🤖 AI Summary
Neural codec-based audio provenance under open-set conditions remains challenging—existing methods struggle to identify unknown forgery techniques and exhibit poor robustness against out-of-distribution (OOD) authentic audio. Method: We formalize NCST (Neural Codec Source Tracking) as a novel task and introduce ST-Codecfake, the first bilingual, multi-codec, OOD-enriched benchmark for audio source attribution. Our approach integrates open-set classification, Adversarial Logit Matching (ALM)-based interpretable anomaly detection, and multi-source neural codec feature modeling. Contribution/Results: Experiments demonstrate state-of-the-art performance in both in-distribution (ID) source classification and OOD detection. Crucially, our analysis reveals insufficient cross-domain generalization of authentic audio as a fundamental bottleneck. The ST-Codecfake dataset and source code are publicly released to foster reproducible research.
📝 Abstract
Current research in audio deepfake detection is gradually transitioning from binary classification to multi-class tasks, referred as audio deepfake source tracing task. However, existing studies on source tracing consider only closed-set scenarios and have not considered the challenges posed by open-set conditions.

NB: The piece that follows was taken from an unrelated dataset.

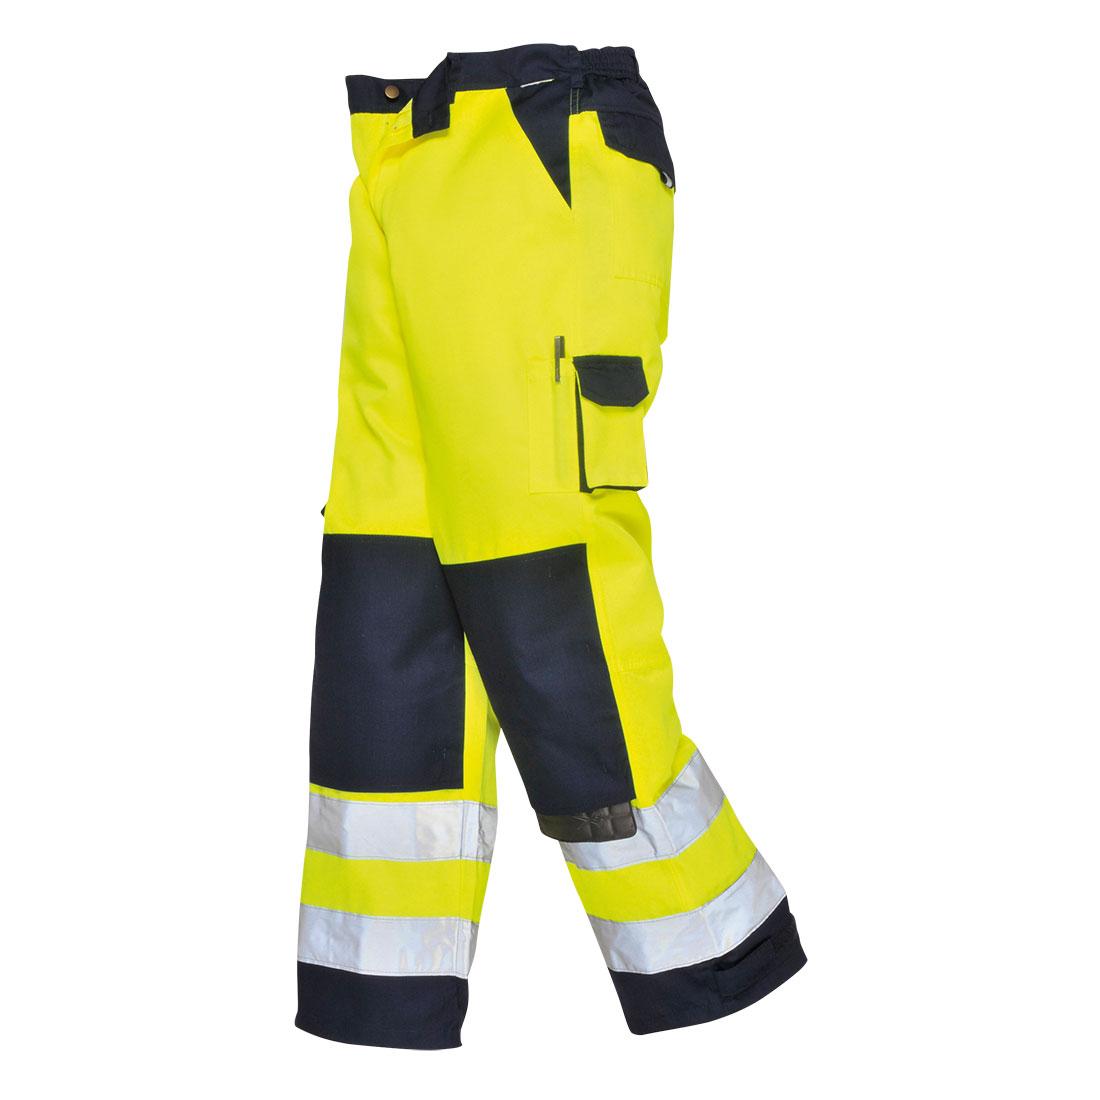 Portwest Texo Lyon Hi-Vis Trousers (Geel/Navy) XS

In this paper, we define the Neural Codec Source Tracing (NCST) task, which is capable of performing open-set neural codec classification and interpretable ALM detection. Specifically, we constructed the ST-Codecfake dataset for the NCST task, which includes bilingual audio samples generated by 11 state-of-the-art neural codec methods and ALM-based out-ofdistribution (OOD) test samples. Furthermore, we establish a comprehensive source tracing benchmark to assess NCST models in open-set conditions. The experimental results reveal that although the NCST models perform well in in-distribution (ID) classification and OOD detection, they lack robustness in classifying unseen real audio. The ST-codecfake dataset and code are available.